# XPS-1 Phono Preamp: Emotiva



## cavchameleon (Jan 7, 2008)

Looks like Emotiva came out with what they are calling a "High Performance Phono Preamp". This is a very competitive market in what is now in my opinion a 'niche' product world of LP listeners. Their price is very competitive and the unit looks well built. 

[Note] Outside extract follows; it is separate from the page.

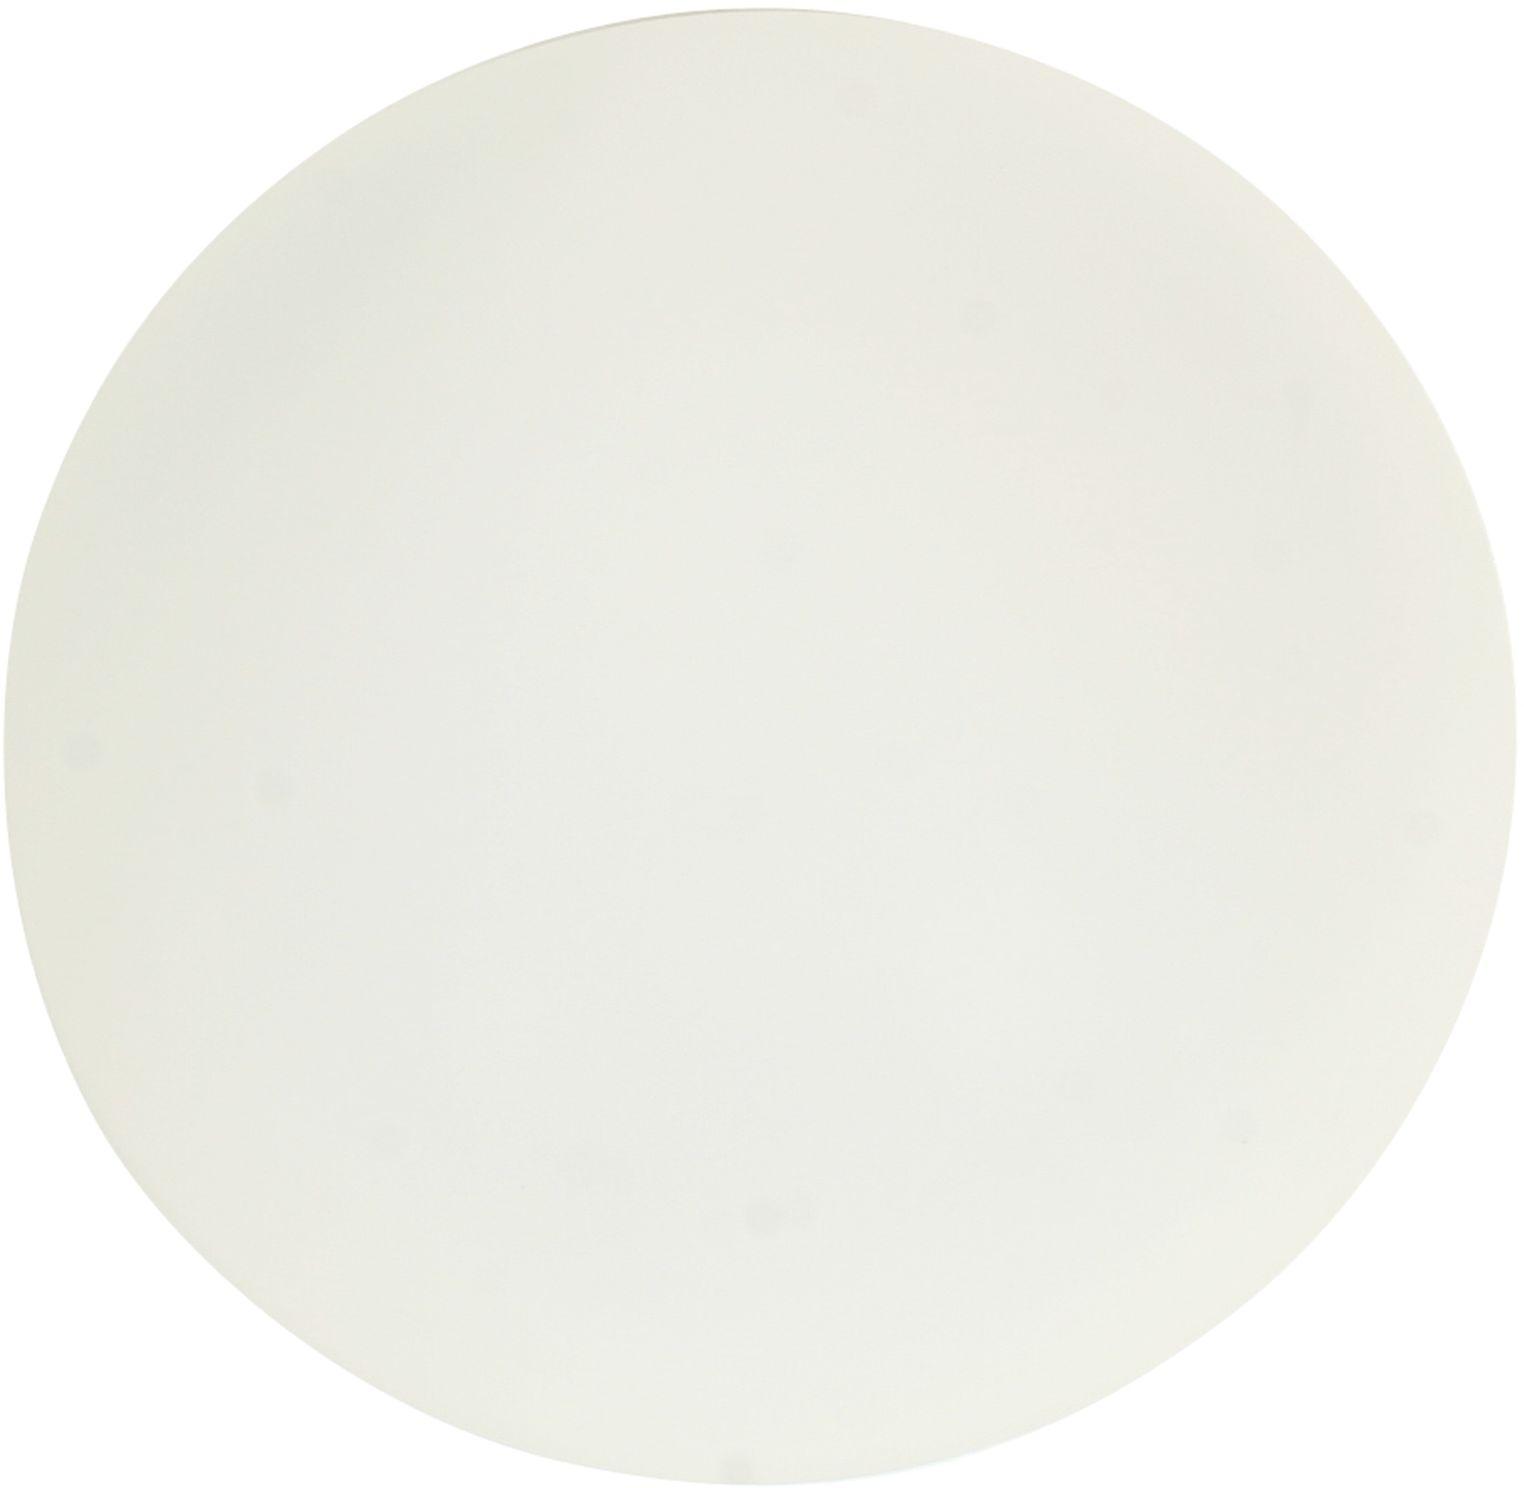 Candellux NINA 12-74150 plafon lampa sufitowa biały szklany klosz 1X60W E27 17cm
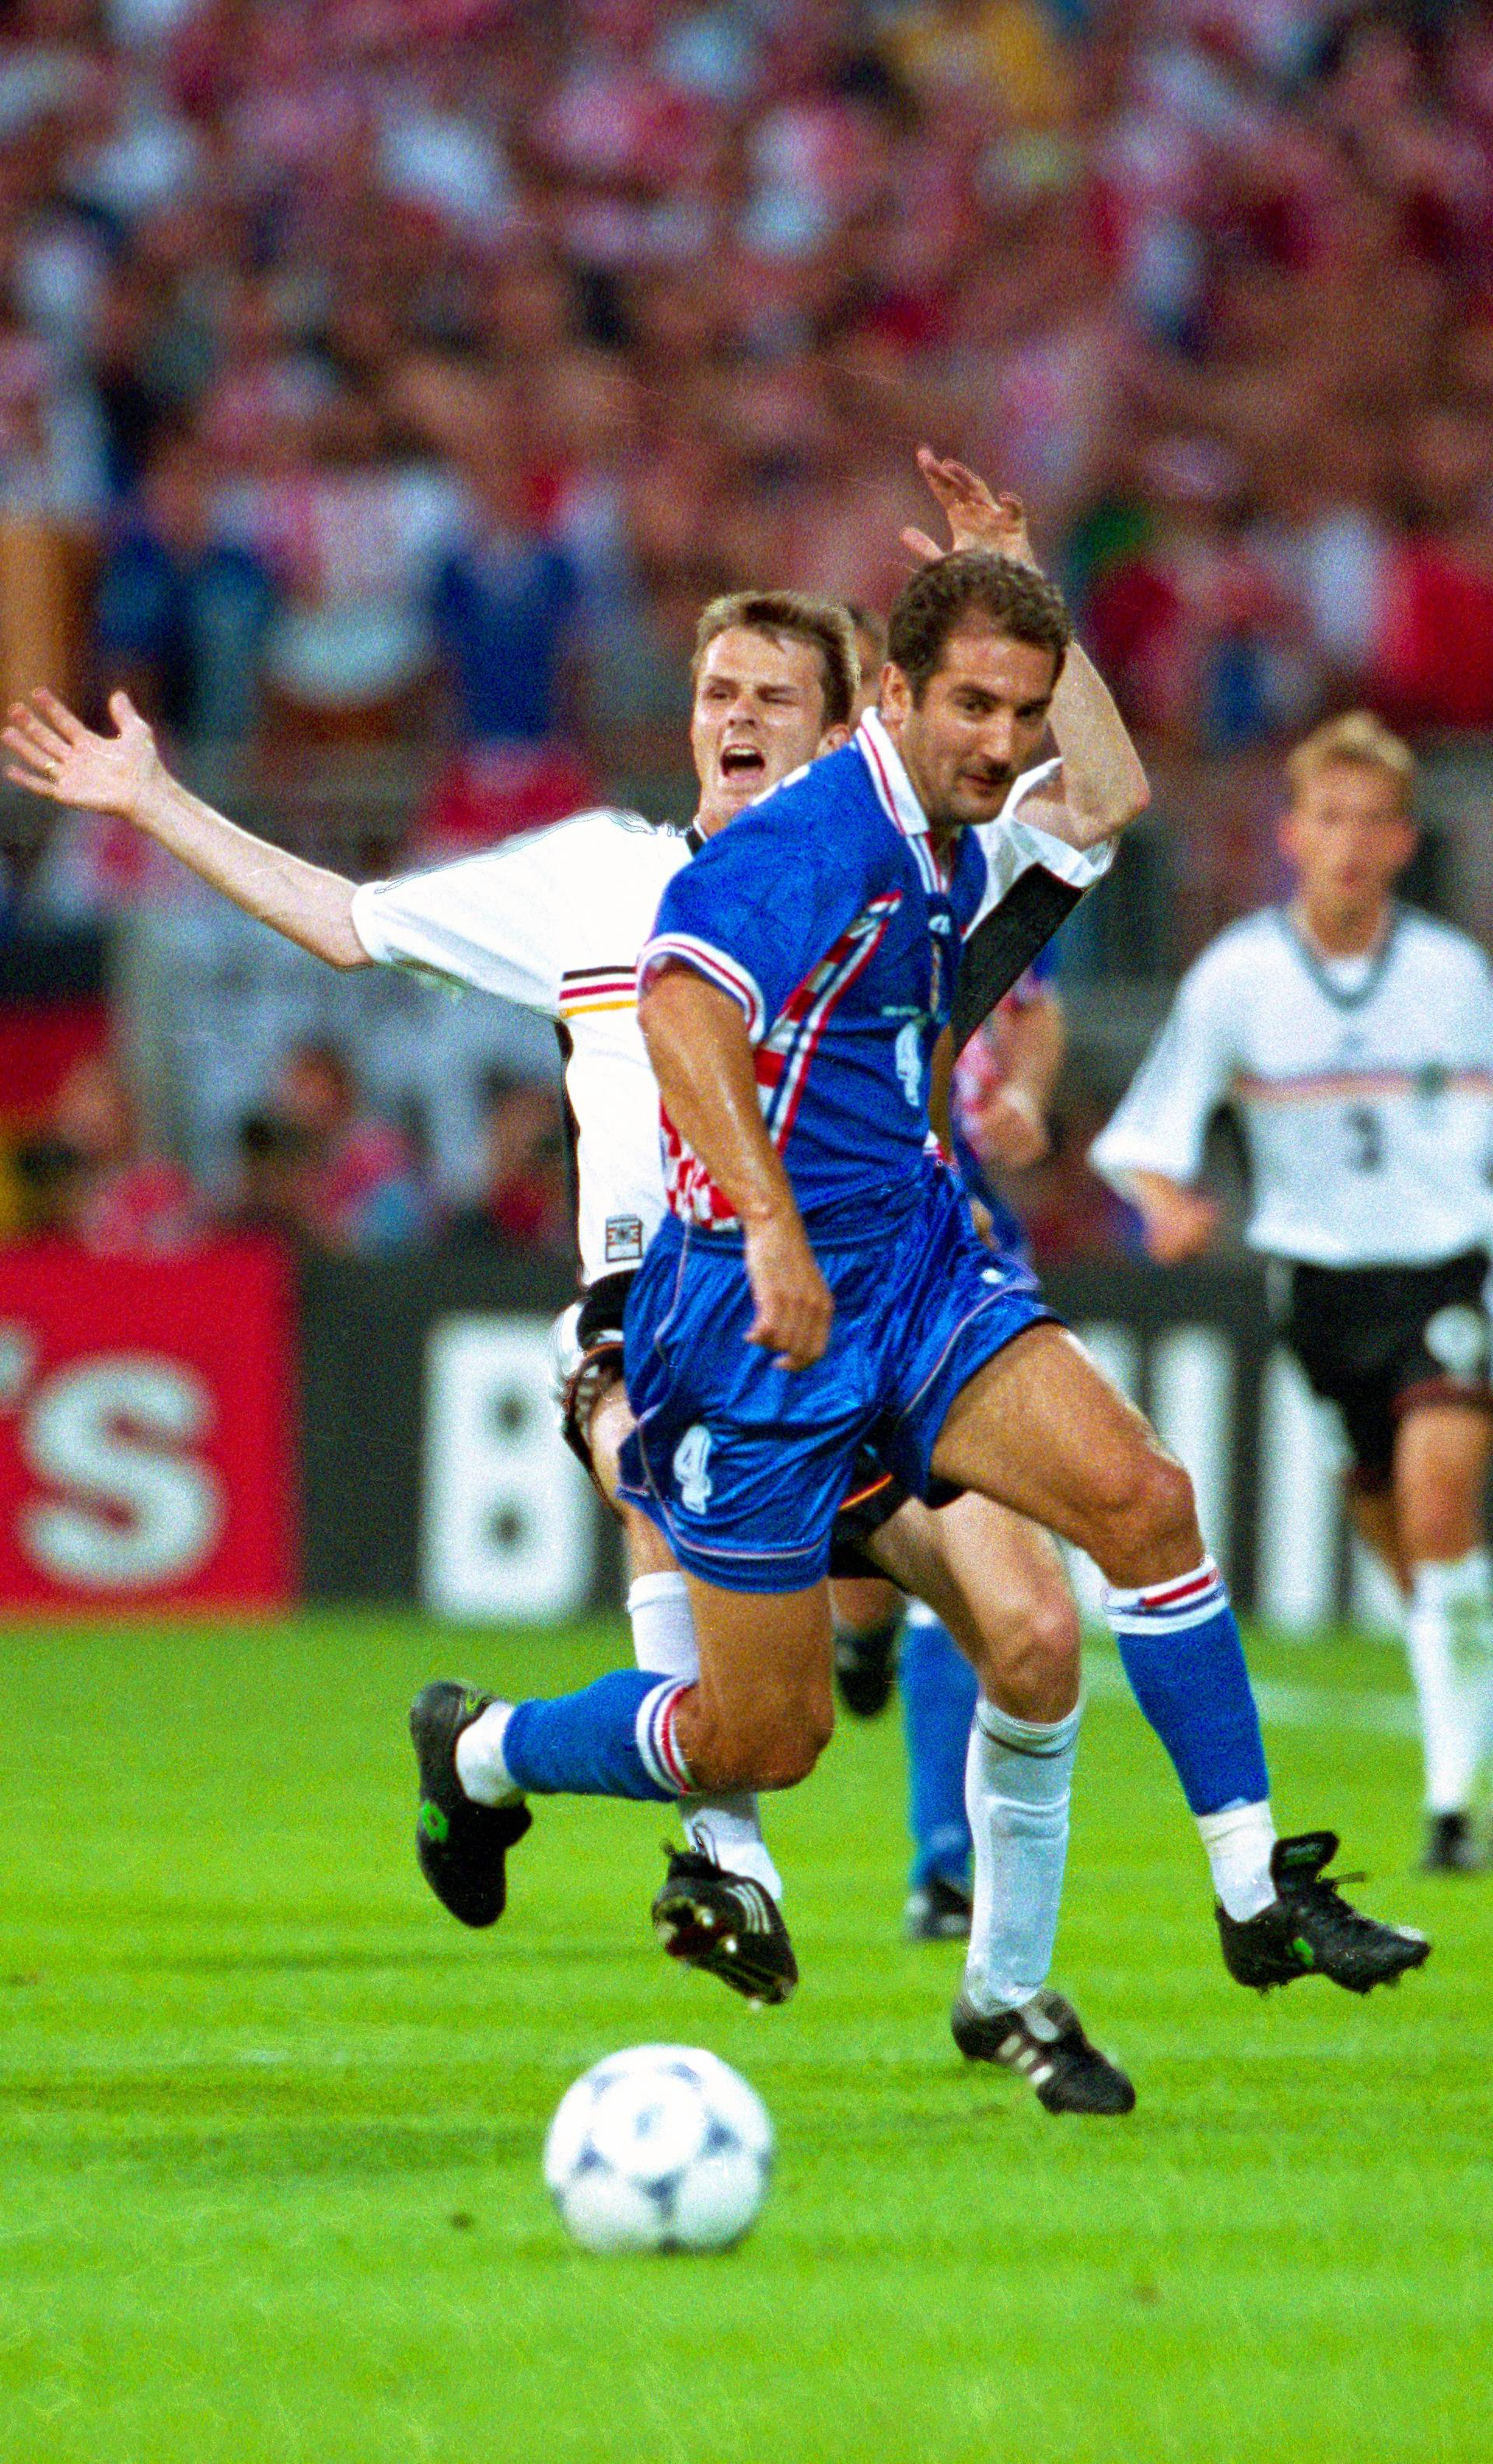 Svetsko nogometno prventsvo Francuska 1998

Has anyone already tried this product? I'm just curious. I'm still using a Nakamichi CA-5AII pre-amp for my turntable (and other analog equipment such as R-R), then attach one of it's outputs to my processor. What I like about this unit it that it has a lot of flexibility for the price (for MM or MC and you can configure the load impedance on the moving coil input, something not found in may small phono preamps. It has very respectable specs with a S/N of MM>96db and MC>79db. Check the info below.

Check their website:

http://shop.emotiva.com/collections/processors/products/xps-1-phono-stage





























From their website:

Do you have a large collection of vintage records? Or are you tempted by the ongoing vinyl revival? If so, the XPS-1 high-performance phono preamp is exactly what you need to breathe new life into your analog media. With high precision and low noise, the XPS-1 is perfect for connecting a turntable to any line stage, preamp, or other audio equipment with line-level RCA inputs.
Advanced Design for Exceptional Performance
The XPS-1 takes its cues from Emotiva’s precision line-level equipment, with high-quality components throughout the signal path for accurate RIAA equalization, extremely low noise for even low-output cartridges, and vanishingly low distortion. Special attention was paid to the low-noise power supplies; both the external highly regulated AC supply and the individual switching supplies within the XPS-1.
Flexibility for a Broad Range of Cartridges
The circuitry in the XSP-1 is designed to provide the optimum gain and noise performance for both Moving Magnet (MM) and Moving Coil (MC) cartridges. You can configure the load impedance on the Moving Coil input to achieve the best sound for your particular cartridge.
Small and Affordable—Ideal for Multiple Turntables
Best of all, the XPS-1’s performance doesn’t come at a high price, and its small size makes it the ideal companion for your turntable, without sacrificing rack space. Have multiple turntables? Get an XPS-1 for each, and prepare yourself for sweeping vistas of beautiful analog sound—with 21st Century performance!
The new sound of vinyl: XPS-1.

FEATURES

Combines superb analog sound quality with excellent technical performance.
Precise equalization to the standard RIAA curve (within +/- 0.25 dB).
Support for both Moving Magnet (MM) and Moving Coil (MC) cartridges.
User selectable termination impedance for Moving Coil cartridges.
Exceptional signal-to-noise ratio and very low distortion.
Sophisticated multi-stage power supply for superior noise performance.
All metal case for ruggedness and excellent immunity from noise and interference.
Convenient form factor for placement close to the turntable.
Gold plated solid brass input connectors, output connectors, and ground terminal.
Ideal for adding high-quality phono inputs to any stereo preamp or pre/pro.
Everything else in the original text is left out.